Both John and Jane have a Roth IRA and make the maximum contribution of $5,500. Both can afford to invest another $5,000 of their pre-tax income each year for the next 30 years. John decides to place that money into a private brokerage account from a popular discount online broker. He invests 100% of the money in a low-cost mutual fund that mirrors the S&P 500. Jane decides to place that money into her 401(k), which is also set to invest 100% into a low-cost fund that mirrors the S&P 500 index. Both hold their money for a full investment lifetime – 30 years.



Jane’s $5,000 investment compounds at 10%, which is the average annual return of the S&P 500 since its inception in 1928. Her investment grew to $904,717.12.

John had to pay a tax rate of 31.5% on his $5,000 contribution. Because of that, he was only able to invest $3,425 per annum. His investment grew to $619,731.23.

Simply because Jane used pre-tax income instead of taxed income, she outperformed John by 46%. And remember, this assumes there were no dividend distributions along the way. Truthfully, S&P 500 mirroring funds typically pay a significant dividend. Reinvesting that dividend would make Jane’s performance even more exceptional since John would be paying capital gains taxes on that distribution every year. Factor in state and local taxes and the avalanche effect continues to compound.




There are drawbacks to a 401(k)/403(b). While a private brokerage account will allow the individual investor the option to invest in any stock, bond, mutual fund, ETF, option contract, commodity contract or any of the other virtual infinity of investment vehicles available in the open market, a 401(k)/403(b) is bound to a handful of mutual funds chosen by the employer. However, this illustrates that a taxable brokerage account must outperform a 401(k)/403(b) by at least 45.99% to see the same returns over an investment lifetime. The historic 30-year average return of the S&P 500 is 10% per annum, so a private taxable account must compound at more than 14.6% per annum to be competitive. And remember, in reality, the gains in a taxable account are also subject to capital gains taxes on any distributions that occur throughout the year, and of any gains made on the sale of an equity. The account holder cannot claim an income deduction for contributions like a person can for a 401(k)/403(b) contribution, either.

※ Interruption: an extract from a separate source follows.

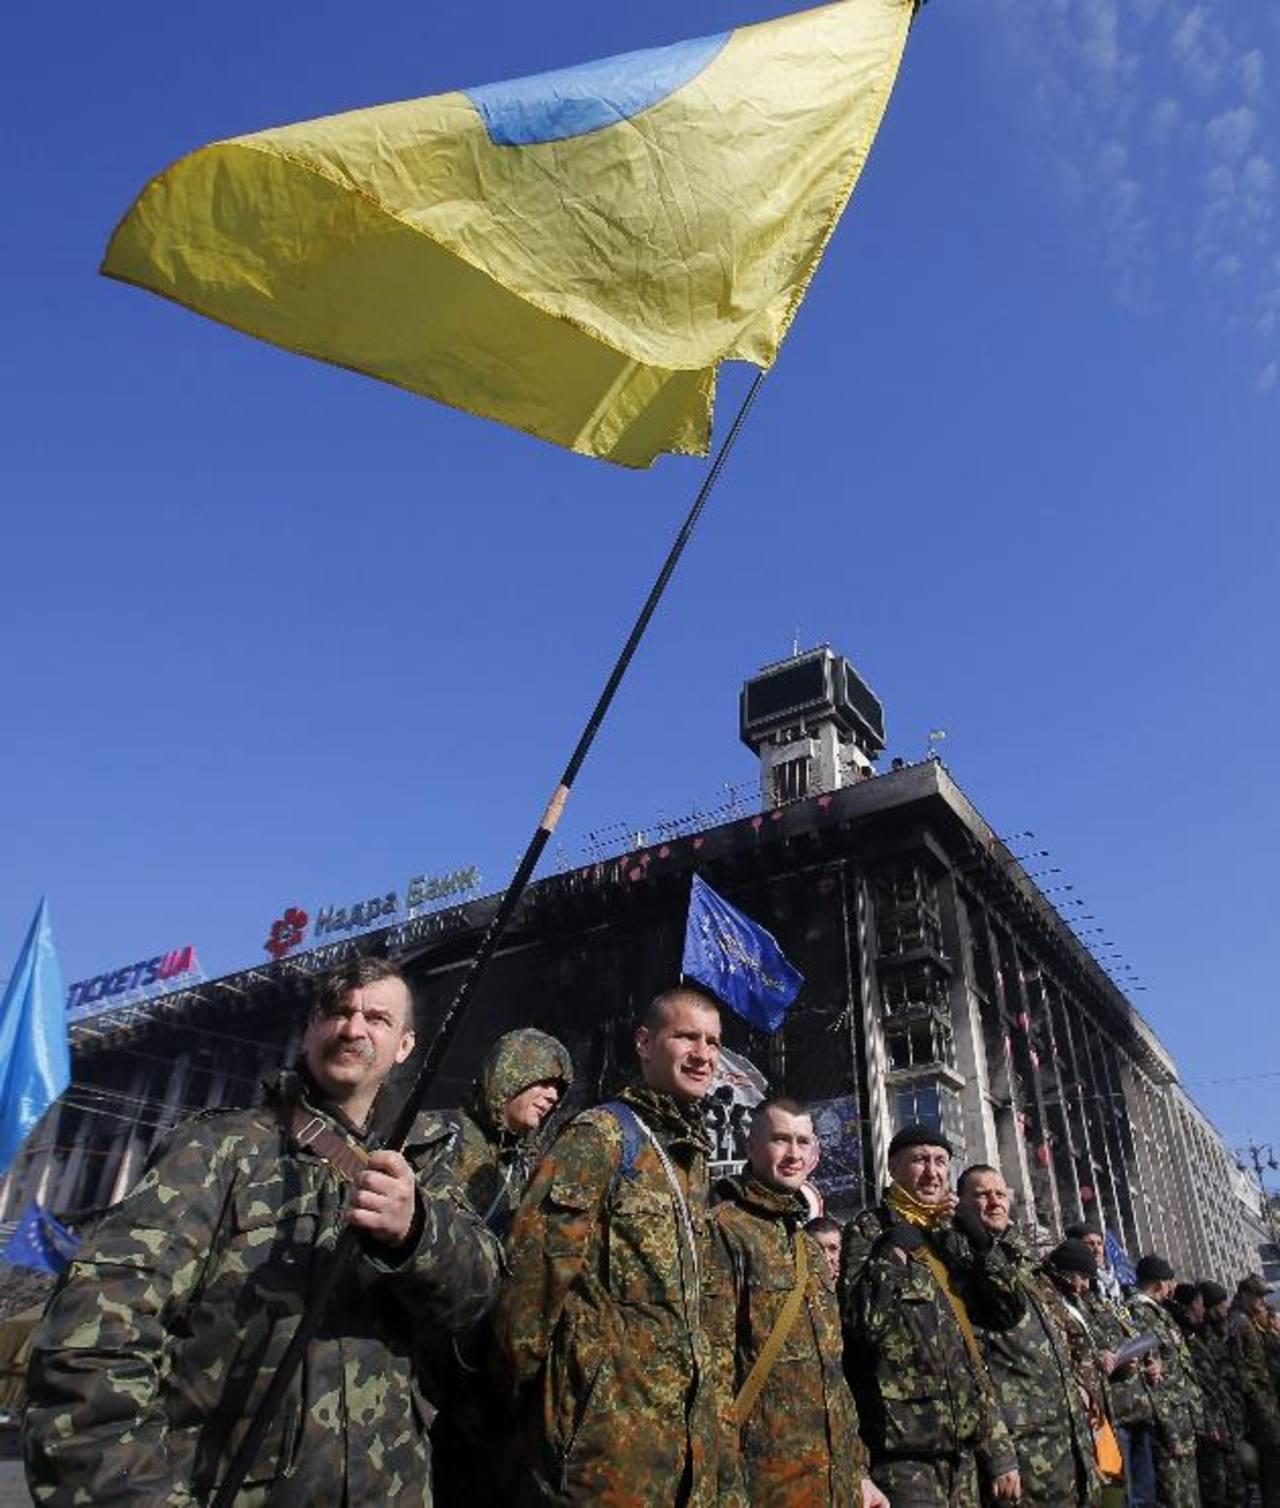 Voluntarios ucranianos de las fuerzas de autodefensa pasan una revisión ayer en la Plaza de la Independencia en Kiev antes de su traslado a un campo de entrenamiento. foto edh / EFE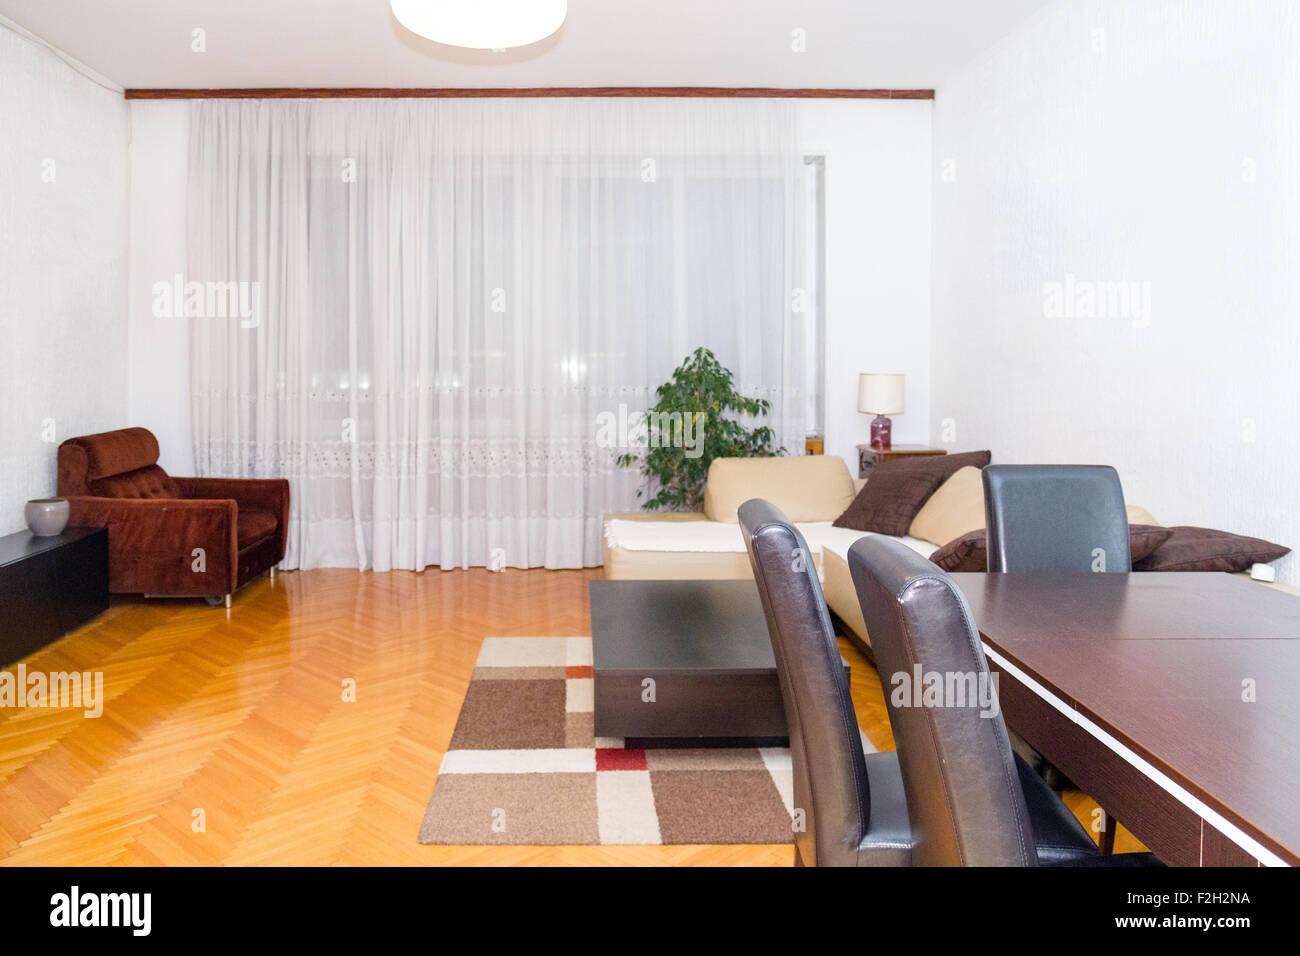 Interno Armadio Ad Angolo.Pulire Moderno Salotto Interno Con Armadio E Tv Rack Confortevole

Taxable brokerage accounts certainly have their place, but unless the account holder is extremely confident in their ability to hand-pick equities or well beyond the income thresholds that allow them to contribute to these accounts, they often do not make sense until a person has exceeded $23,500 in investments in tax-sheltered accounts for the year (2015 dollars), a figure that most Americans will not come close to achieving. According to the SPIVA Year-End 2014 US Scorecard, 86.44% of large-cap fund managers underperformed the S&P 500.  This figure is just as dismal over 5- and 10-year periods, at 88.65% and 82.07% underperformance respectively. Do you think you are a better stock-picker than a full-time professional fund manager?

All information found herein, including any ideas, opinions, views, predictions, commentaries, forecasts, suggestions or stock picks, expressed or implied, are for informational, entertainment or educational purposes only and should not be construed as personal investment advice. I am not a licensed investment adviser.